Section 9.3: Regression
- Identify the sample residuals / errors
\[e = y - \widehat{y} = y - (b_{0} + b_{1} x)\] from a regression of \(y\) on \(x\) (aka from predicting a response \(y\) using a predictor \(x\)).
- Describe and interpret a residual plot of \(e\) versus \(x\) or equivalently of \(e\) versus \(\widehat{y}\).
Section 9.4: Variation and Prediction Intervals
- Give two equivalent definitions of the coefficient of determination, aka \(R^{2}\), aka R-sq.
- State the common (though erroneous) way to use \(R^{2}\) as a way to evaluate a simple linear regression model.
- Relate the coefficient of determination to the sample linear correlation coefficient \(r_{xy}\).
Chapter 9 (Additional Handout): Assumptions, Diagnostics, and Inferences for the Simple Linear Regression Model with Normal Errors
Link to Handout
- Identify the five main assumptions of the simple linear regression model with normal residuals.
- Explain what the above assumptions indicate about how the true errors / residuals \(\epsilon_{i}\) should look when the simple linear regression model with normal residuals is appropriate.
- Use the diagnostic plots generated by Minitab, like the ones below, to determine whether the simple linear regression model with normal residuals is appropriate for the paired data under consideration.
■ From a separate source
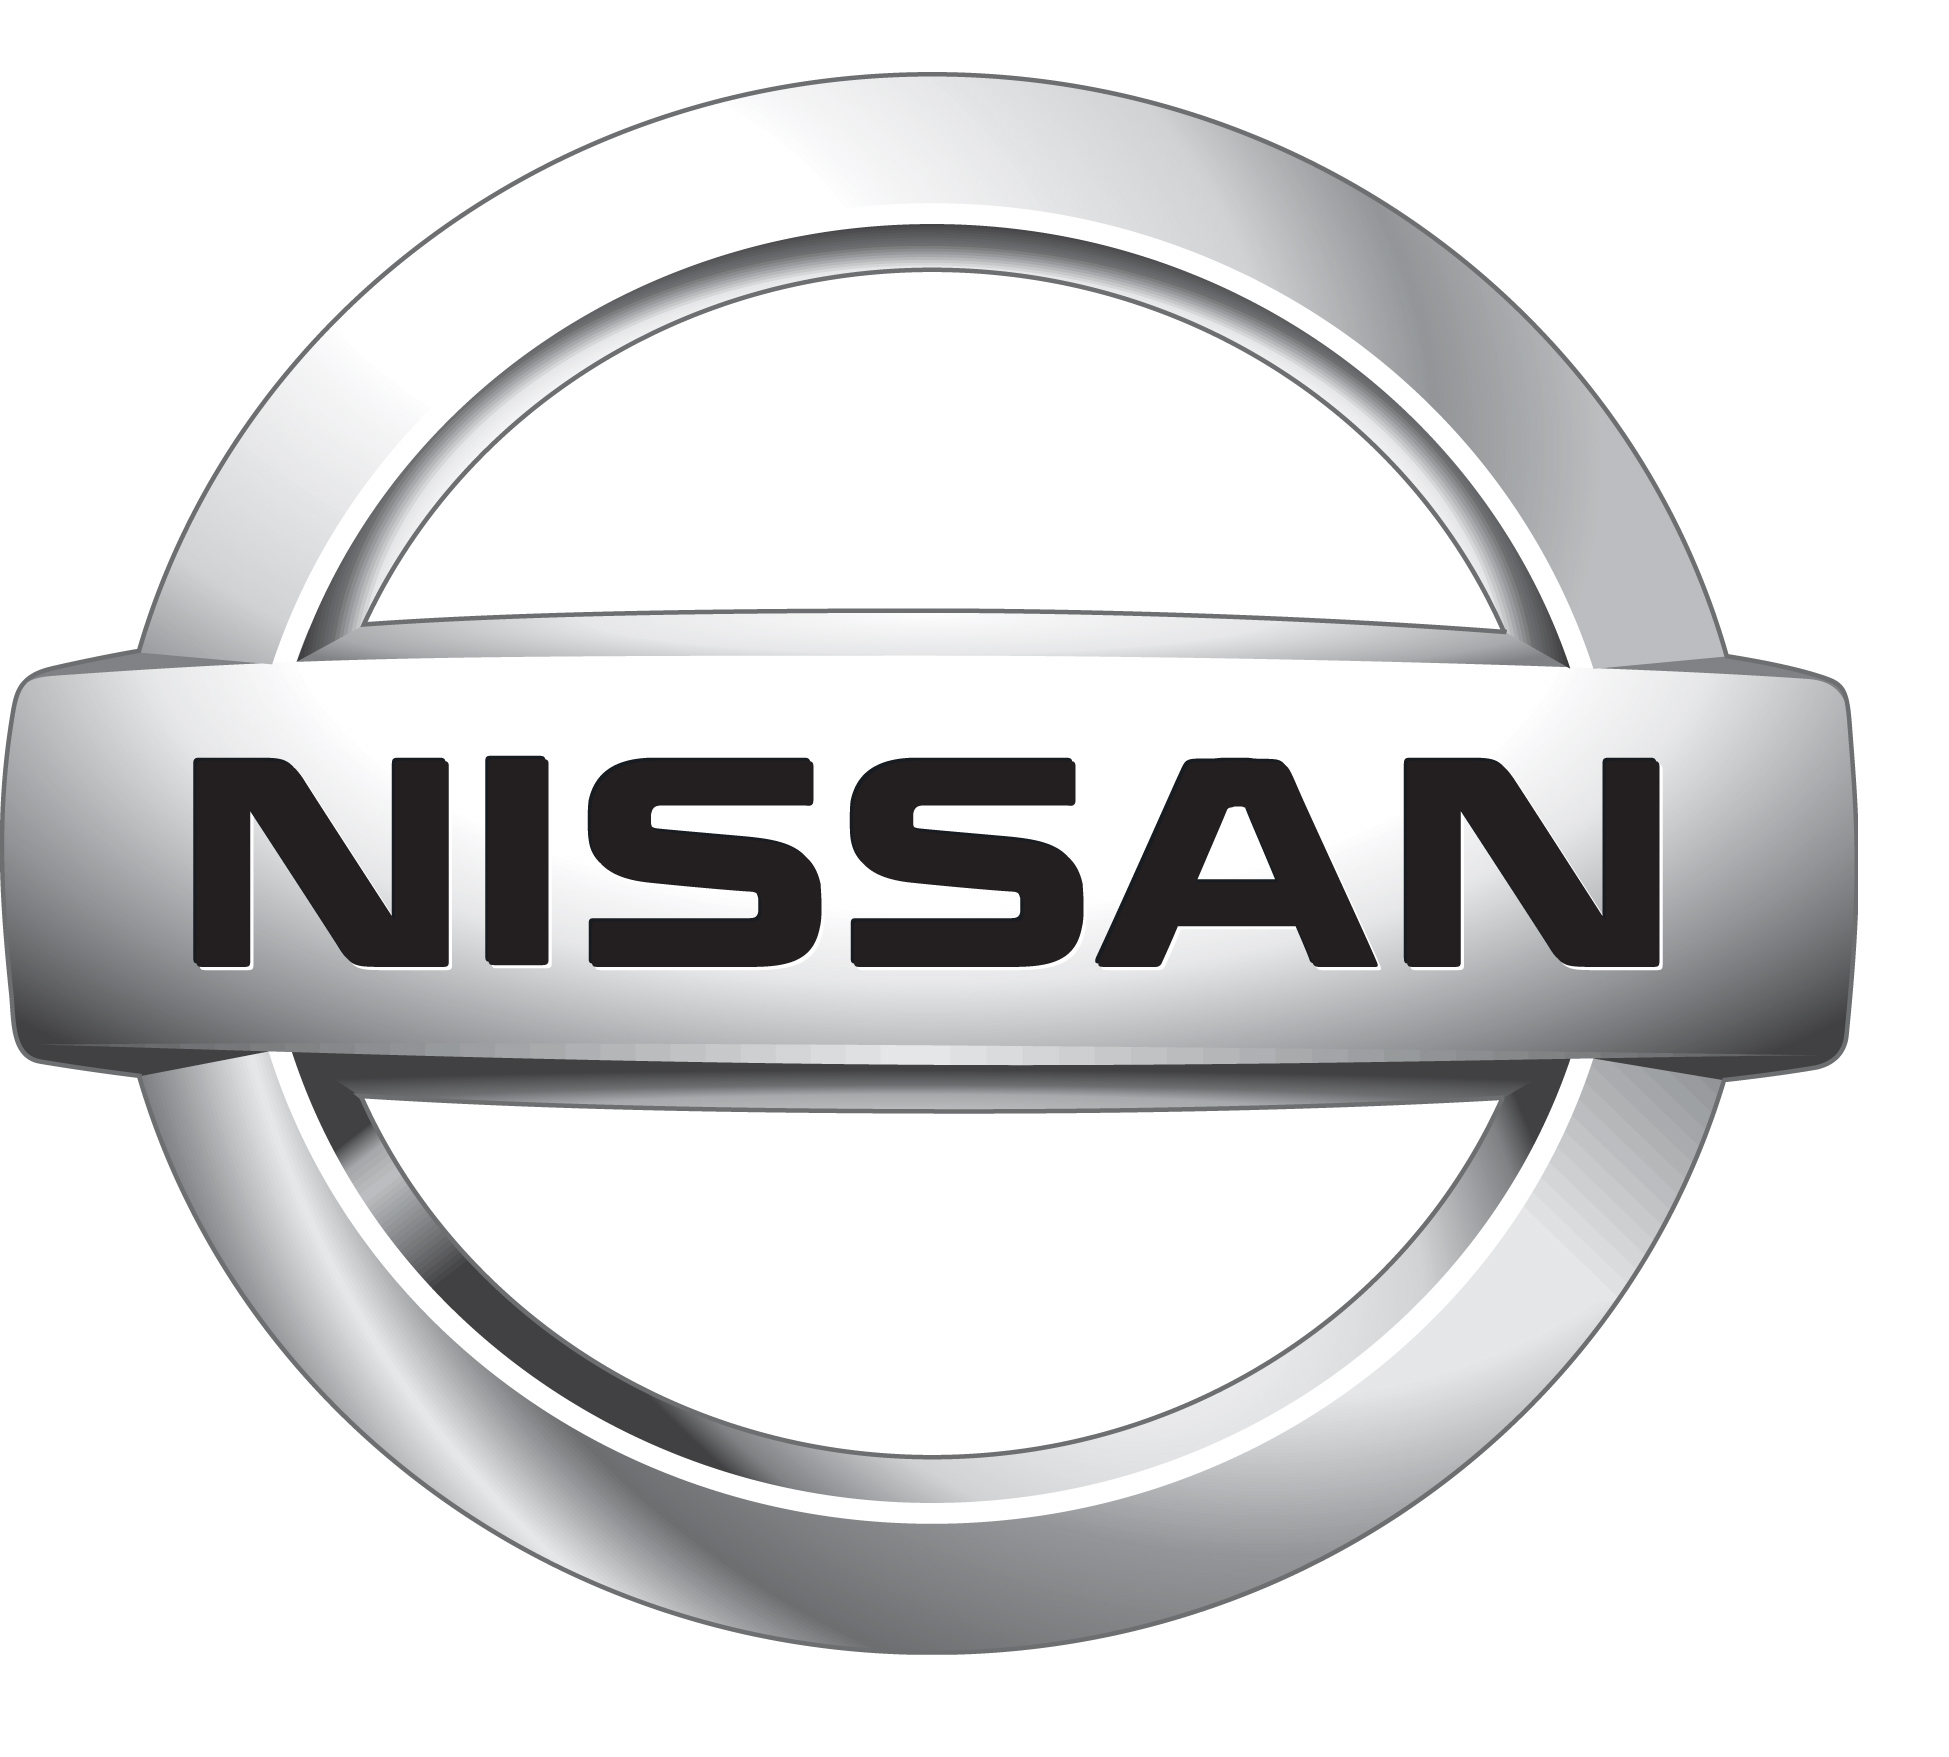 nissan logo, nissan symbol, nissan emblem, car logo
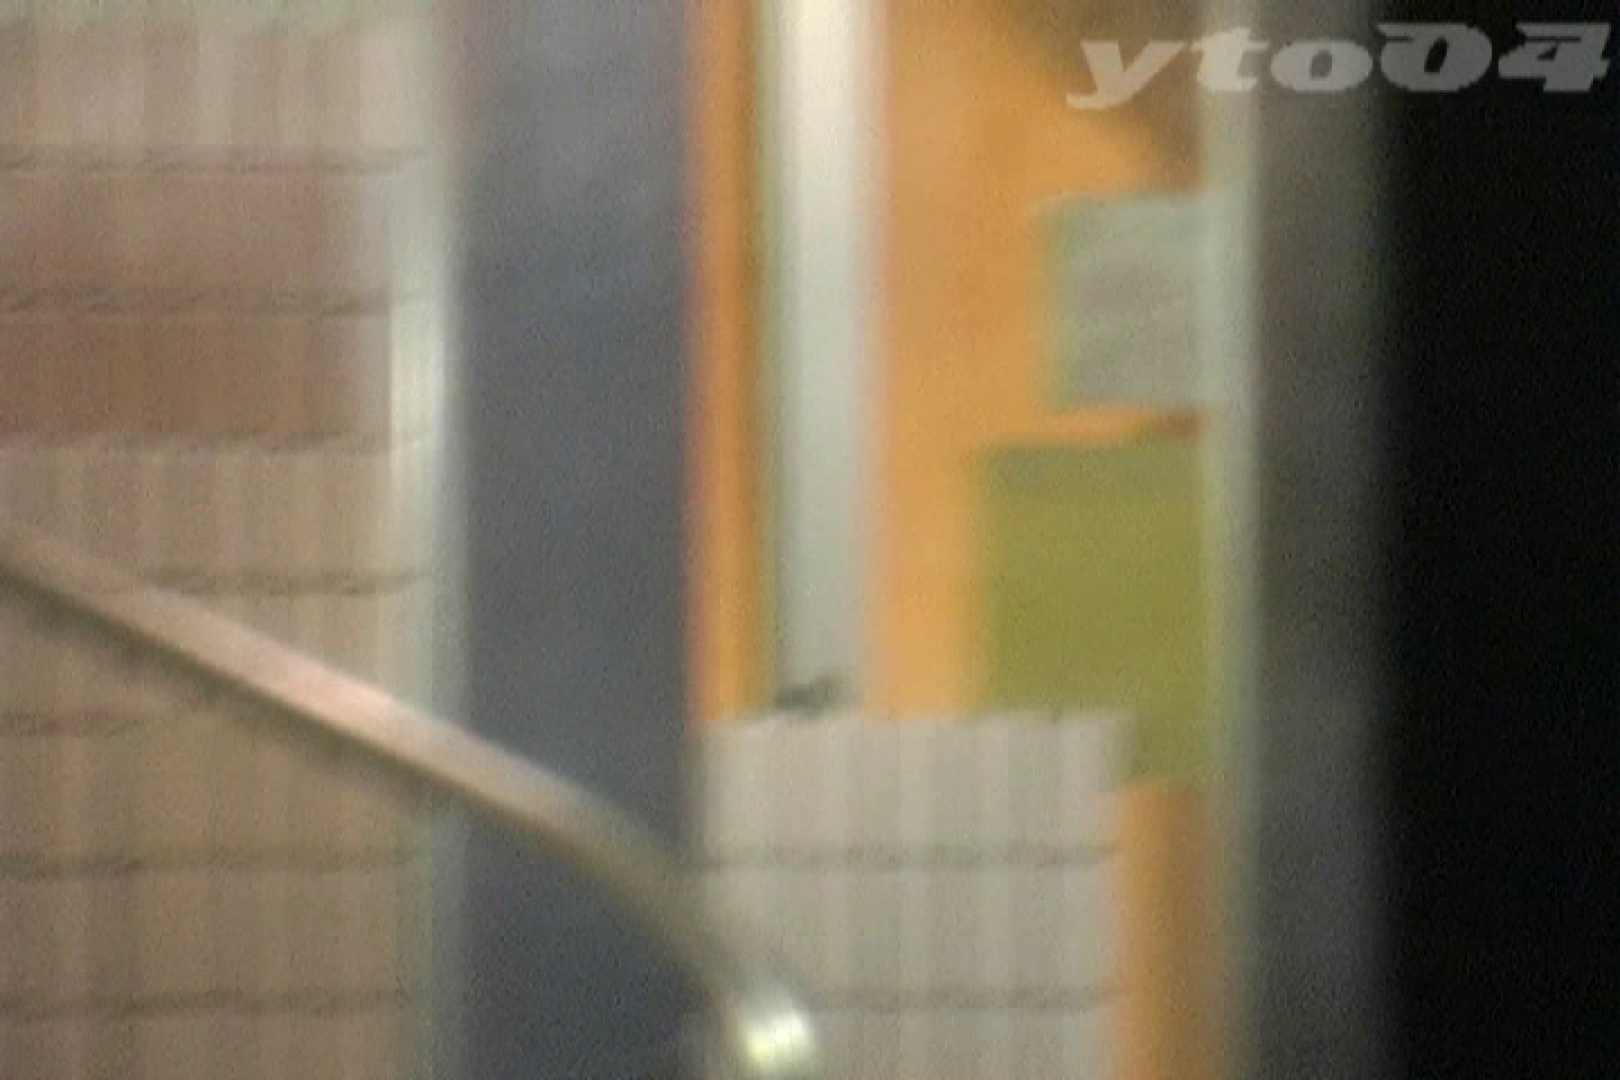 ▲復活限定▲合宿ホテル女風呂盗撮 Vol.24 名作  55pic 35

- Interpret the standard errors for the estimators \(b_{0}\) and \(b_{1}\) reported by Minitab in terms of margins of error. Minitab calls the standard errors SE Coef.
- Identify the hypothesis tests associated with the \(P\)-values reported by Minitab.
- Interpret the P-values reported by Minitab in terms of hypothesis tests for the population intercept \(\beta_{0}\) and slope \(\beta_{1}\).